Its labels (set as Prometheus *constant* labels) carry build-time identity.
## Event → metric mapping (supervision + controller)
```text
TaskStarting → tasks_in_flight.inc() (+ task_restarts.inc() if attempt > 1)
TaskStopped → tasks_in_flight.dec()
TaskFailed → tasks_in_flight.dec()
TimeoutHit → task_timeouts.inc()
BackoffScheduled → task_backoff_count{source}.inc() + task_backoff_duration.observe(delay)
ActorExhausted → task_terminal{reason="exhausted"}.inc() + attempts_to_finalize{outcome="exhausted"}.observe(attempt)
ActorDead → task_terminal{reason="fatal"}.inc() + attempts_to_finalize{outcome="fatal"}.observe(attempt)
SubscriberOverflow → subscriber_overflow.inc()
SubscriberPanicked → subscriber_panicked.inc()
ControllerSubmitted → controller_submissions.inc()
ControllerRejected → controller_rejections{reason}.inc() (reason classified from Event.reason)
```
## Labels cardinality
| `runner` | `subprocess`, `wasm`, `container` | low |
| `outcome` | `success`, `failure`, `canceled`, `timeout` (runner); `success`, `failure` (discover) | low |
| `error` | `cgroup_prepare_failed`, `backend_config_failed`, `spawn_failed`, `module_load_failed` (from `solti_runner::RunnerErrorKind`) | low |
| `source` | `failure`, `success` | low |
| `reason` | `exhausted`, `fatal` (terminal); `slot_full`, `slot_busy`, `add_failed`, `remove_failed`, `queue_failed`, `recovery_failed`, `bus_lagged`, `controller_exited`, `other`, `unknown` (controller rejections); `connect`, `timeout`, `rejected_client`, `rejected_server`, `parse`, `auth`, `other` (discover failures) | low |
| `transport` | `http`, `grpc` | low |
| `method` | HTTP method for HTTP, RPC method name for gRPC | low |
| `path` | Templated route (`/api/v1/tasks/{id}`) for HTTP, full RPC path for gRPC | low (bounded by route set) |
| `status` | HTTP status code (HTTP), gRPC code number (gRPC) | low |
All label sets have low, bounded cardinality.
## Feature flags
| `api` | off | `PrometheusApiMetrics` (depends on `solti-api`) |
| `discover` | off | `PrometheusDiscoverMetrics` (depends on `solti-discover`) |
| `process` | off | Makes `register_process_collector` register actual `process_*` metrics on Linux |
| `server` | off | `server` — a supervised embedded HTTP task serving `/metrics` |
| `state` | off | `PrometheusStateCollector` — pull-based `solti_sv_tasks_by_phase` snapshot (depends on `solti-core`) |
## Example
For a full agent wiring: shared registry, runner metrics, subscriber, supervised`/metrics` HTTP task, HTTP/gRPC `ApiMetricsBackend`, and `DiscoverMetricsBackend` see the reference agents:
- [`examples/agentd-http`](../../examples/agentd-http)

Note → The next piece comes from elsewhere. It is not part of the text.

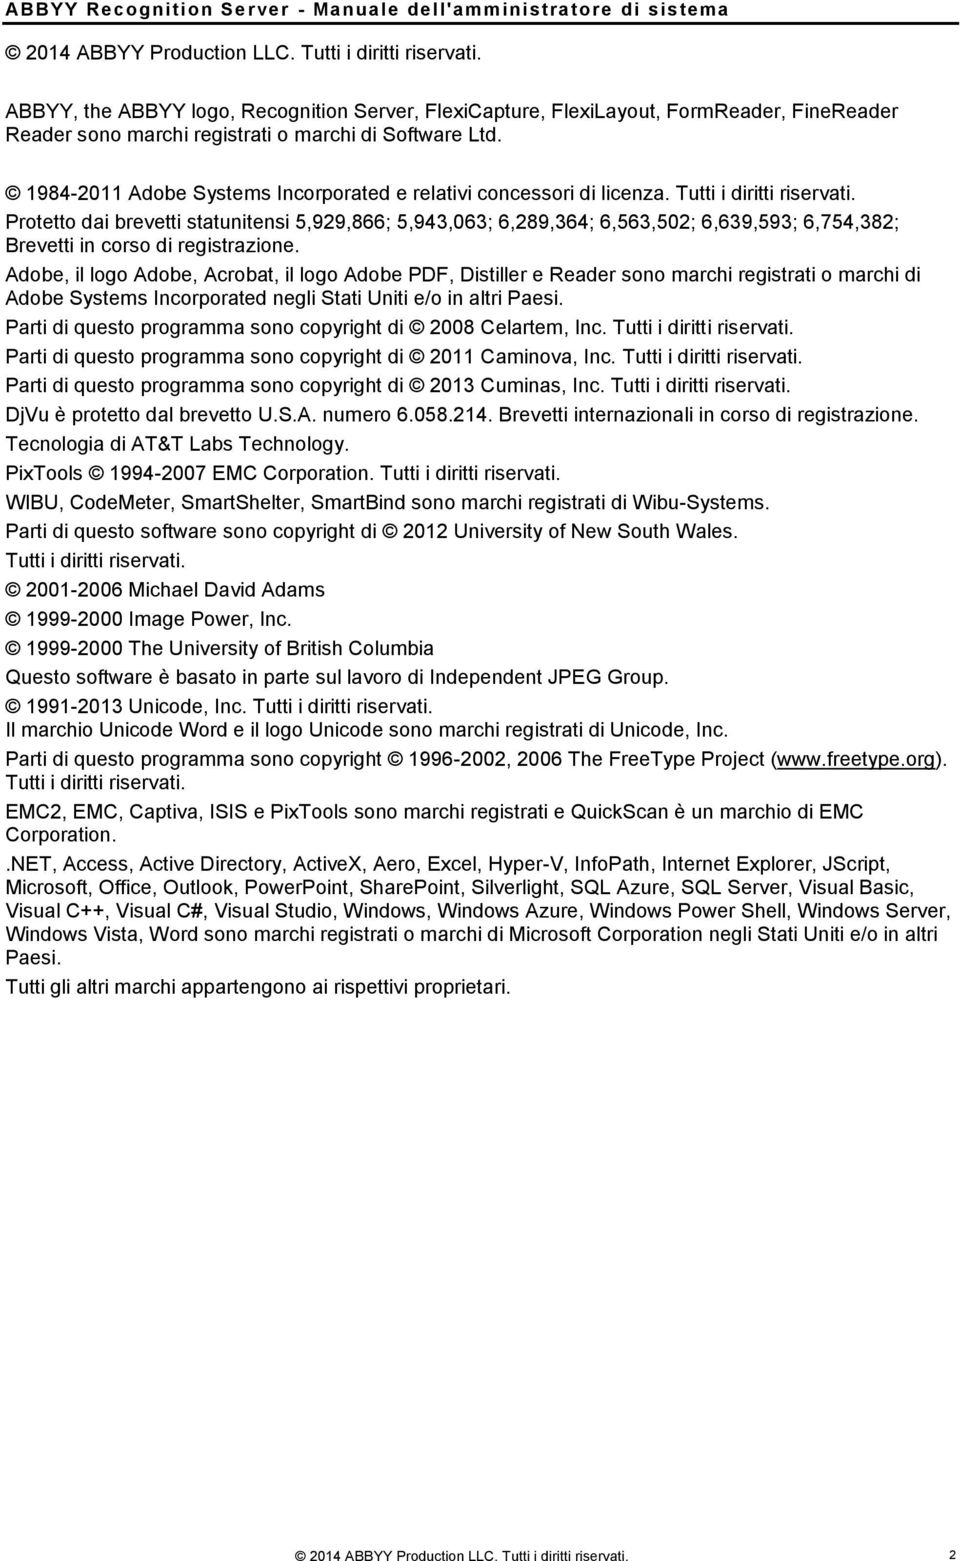 1984-2011 Adobe Systems Incorporated e relativi concessori di licenza. Tutti i diritti riservati.

- [`examples/agentd-grpc`](../../examples/agentd-grpc)
## Notes
- `tasks_in_flight` gauge is guarded against going negative: a `TaskStopped` without a preceding `TaskStarting` is a no-op.
- Backoff / discover / API durations are converted from ms → seconds before histogram observation.
- `PrometheusSubscriber` defaults `queue_capacity` to `DEFAULT_QUEUE_CAPACITY`.
- All collectors must share one `prometheus::Registry` for a unified `/metrics` endpoint.